Using XANES to obtain mechanistic information for the hydrolysis of CuCl2 and the decomposition of Cu2OCl2 in the thermochemical Cu–Cl cycle for H2 production

Abstract

The Advanced Photon Source (APS) at Argonne National Laboratory was used to investigate the progress of two of the reactions of the copper–chlorine cycle for production of hydrogen in situ by studying the evolution of the solid Cu species, using X-ray absorption near edge structure (XANES) spectroscopy. The hydrolysis of CuCl2 (2 CuCl2 + H2O → Cu2OCl2 + 2 HCl) was studied under low and high steam-to-copper ratios from 423 to 725 K, and the decomposition of Cu2OCl2 (Cu2OCl2 → 2 CuCl + ½ O2) in dry and humidified nitrogen up to 750 K. This study showed that the formation of Cu2OCl2 by hydrolysis of CuCl2 is more favorable under low steam-to-copper mole ratios and it reaches a maximum around 675 K. Over this limit, the formation of CuO and Cl2 as reaction byproducts starts to be noticeable.
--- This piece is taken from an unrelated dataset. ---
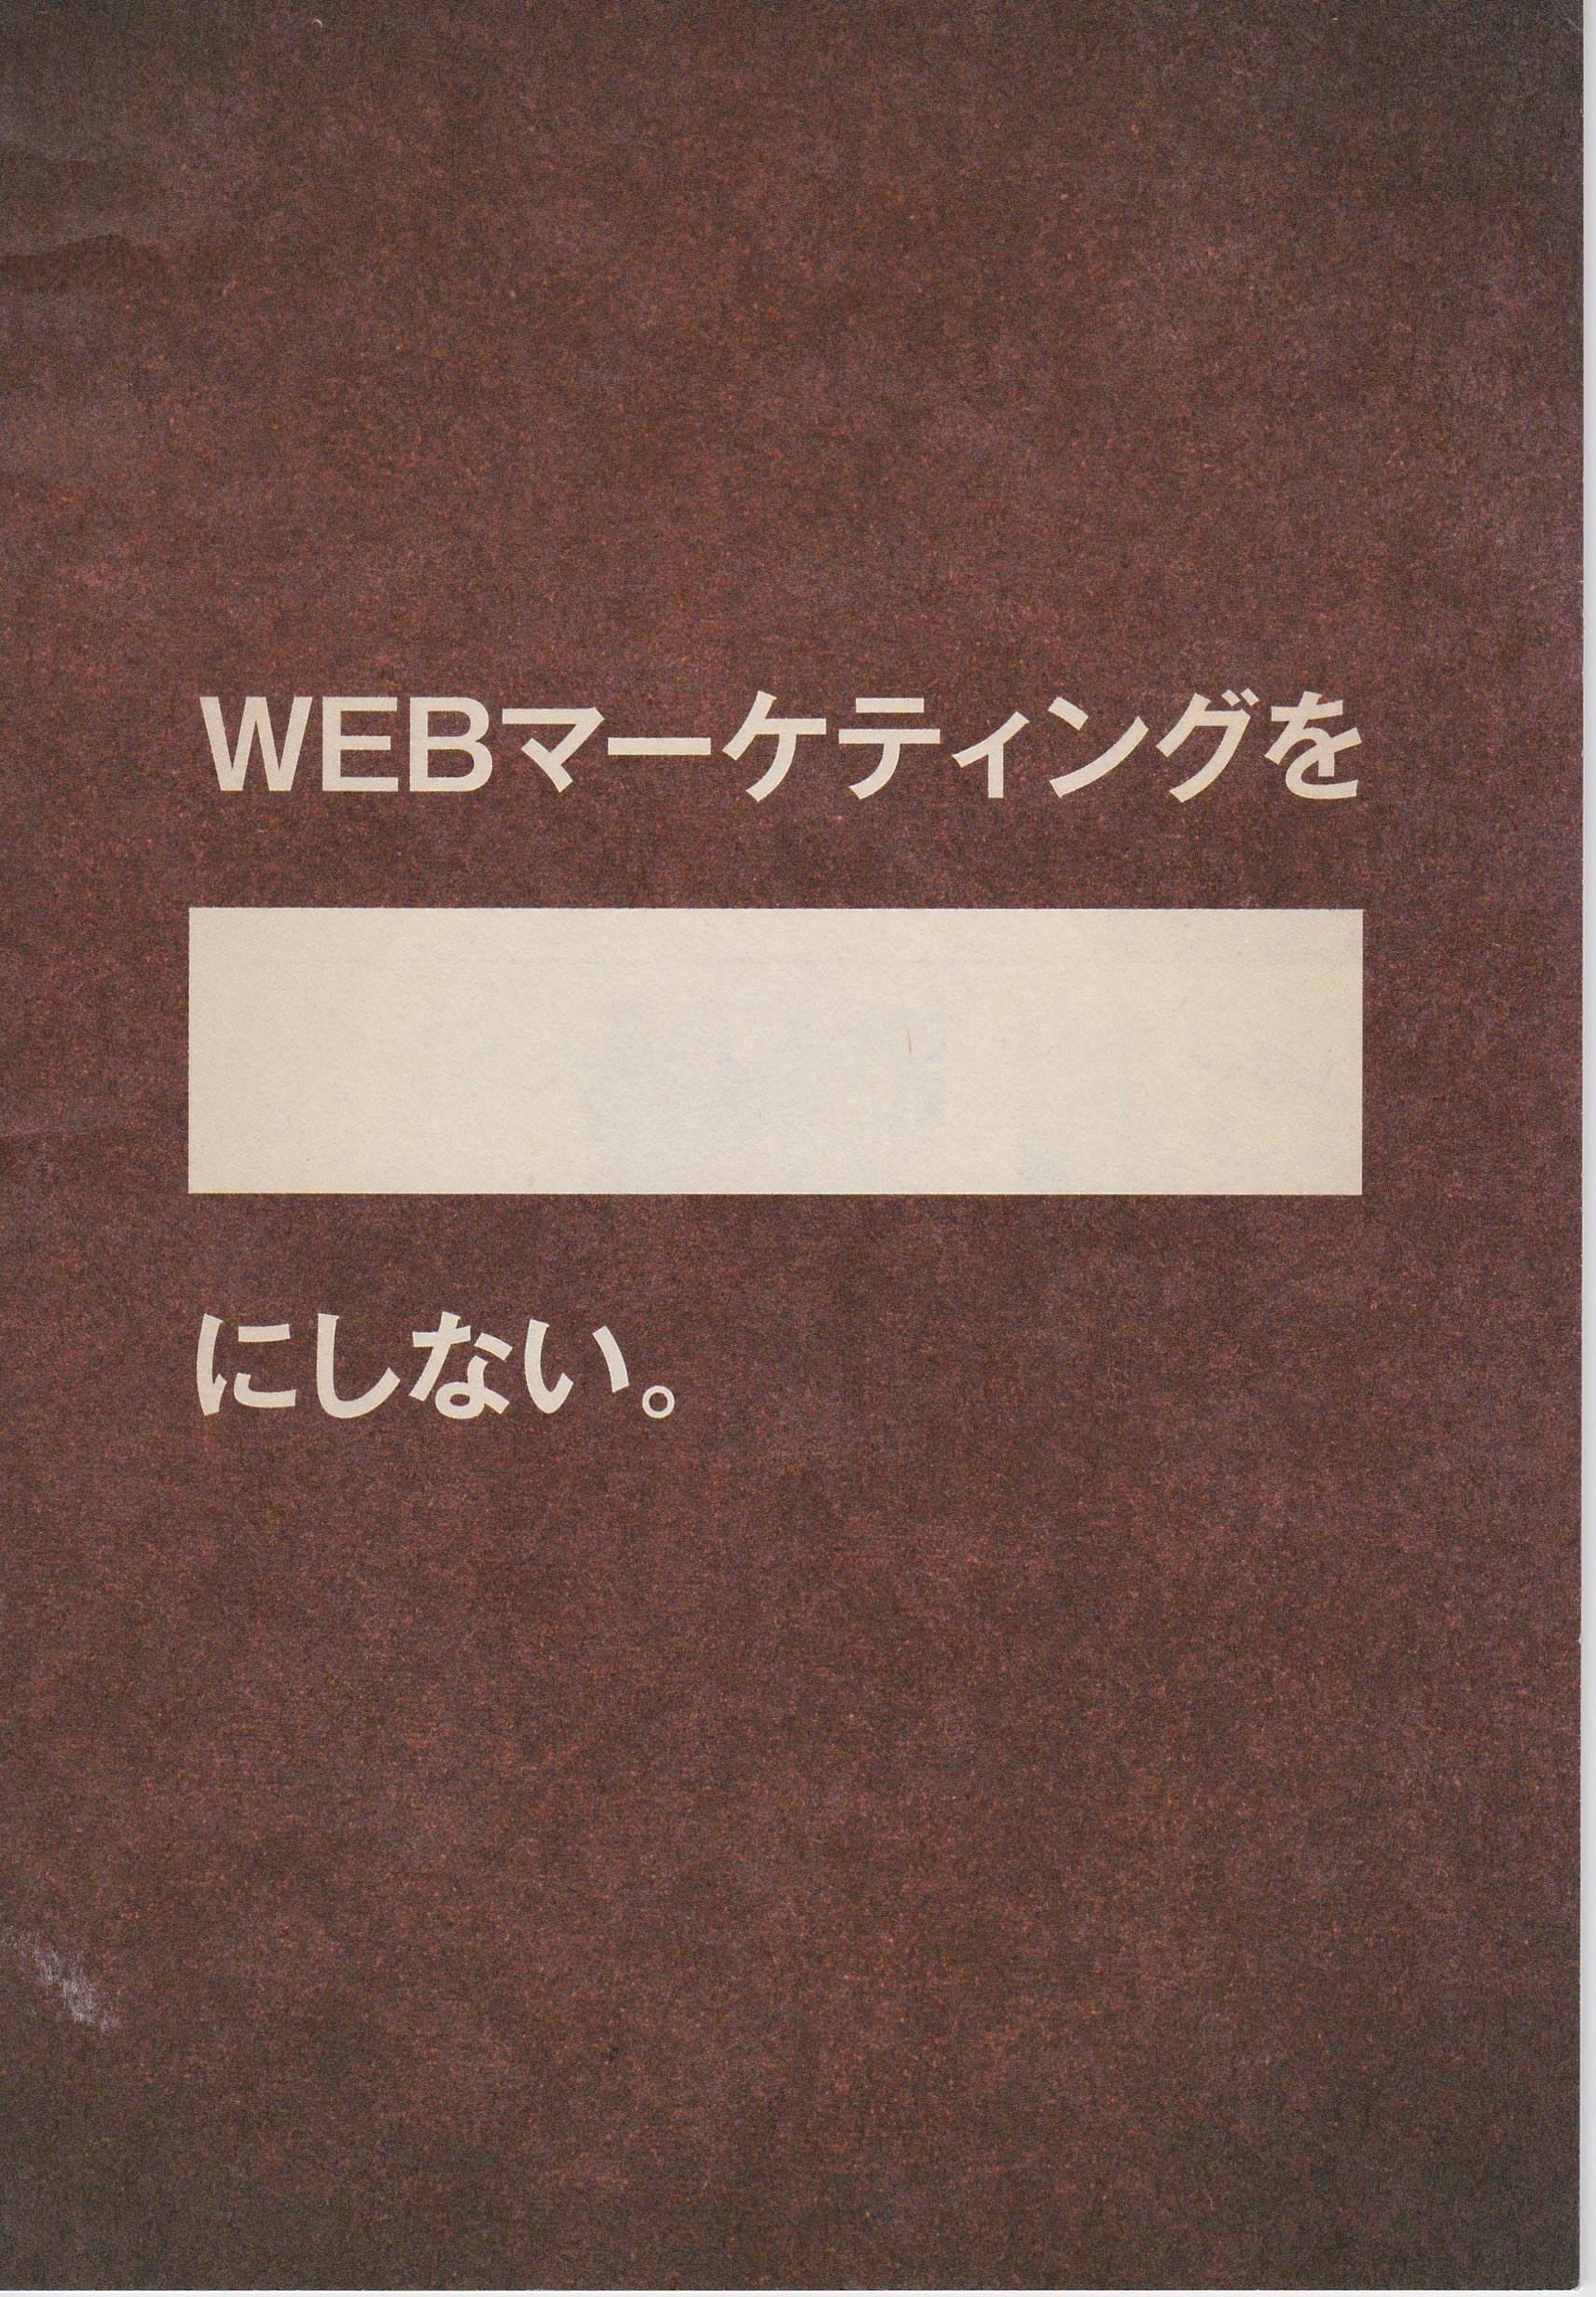 WEBマーケティングを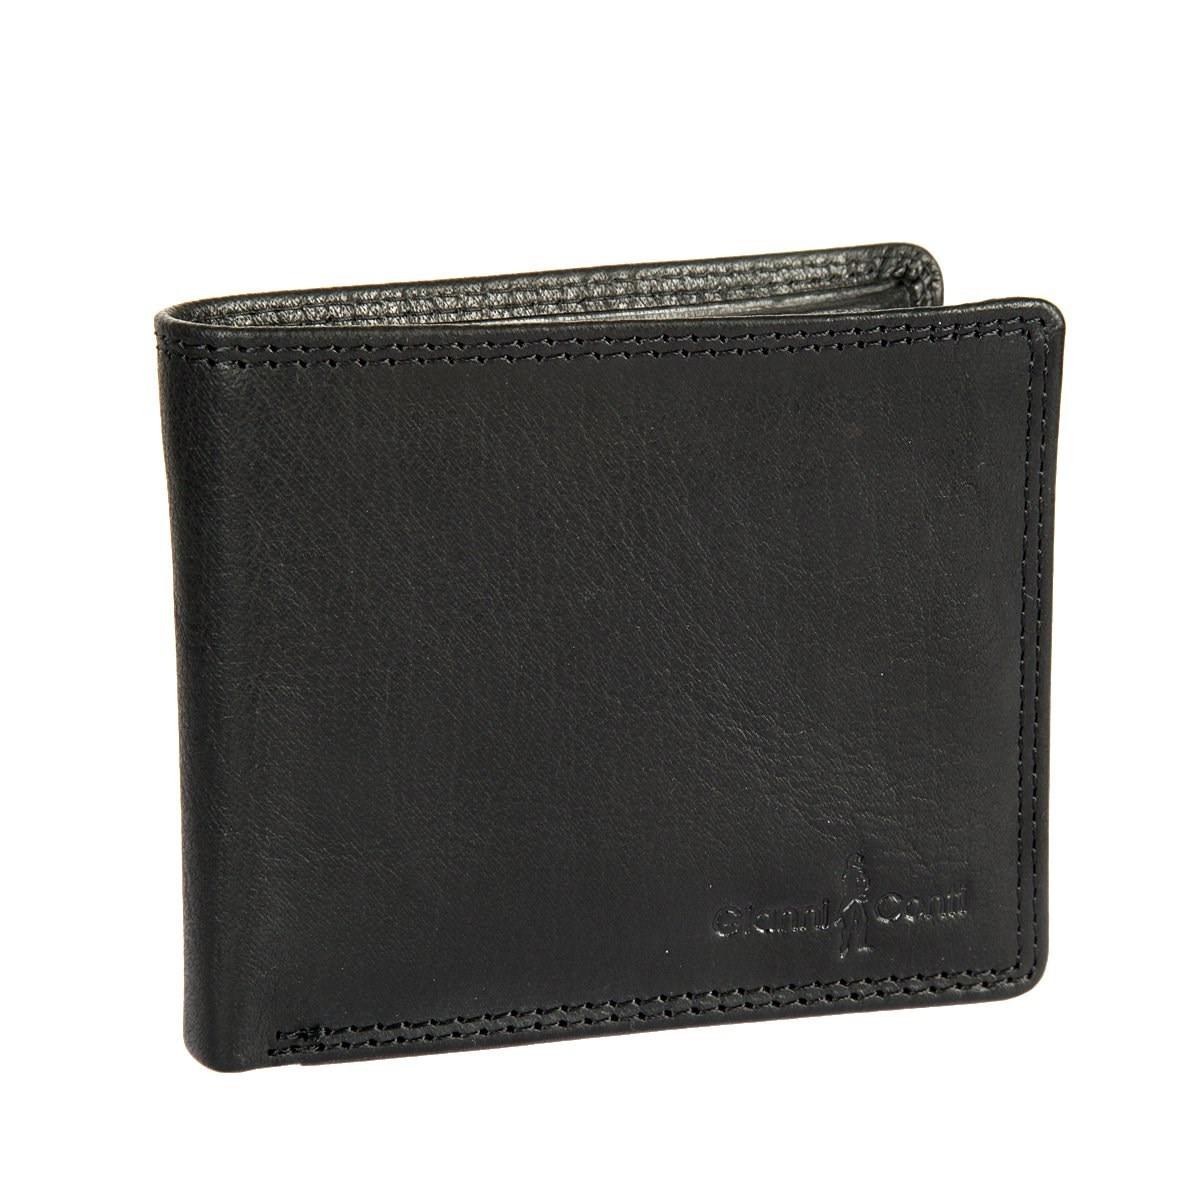 Coin Purse Gianni Conti 1077111 black 2017 hottest women short design gradient color coin purse cute ladies wallet bags pu leather handbags card holder clutch purse

The same reaction byproducts were observed to form under all of the other experimental conditions and at temperatures as low as 635 K. The results from the decomposition studied by XANES are in very good agreement with calorimetric studies (TG/DSC) and they confirm that the formation of Cl2 takes place in the early stages of the decomposition of Cu2OCl2. To the best of our knowledge, this is the first time that the XANES spectrum of a Cu2OCl2 standard has been reported, since in previous studies Cu2OCl2 was always a reaction intermediate.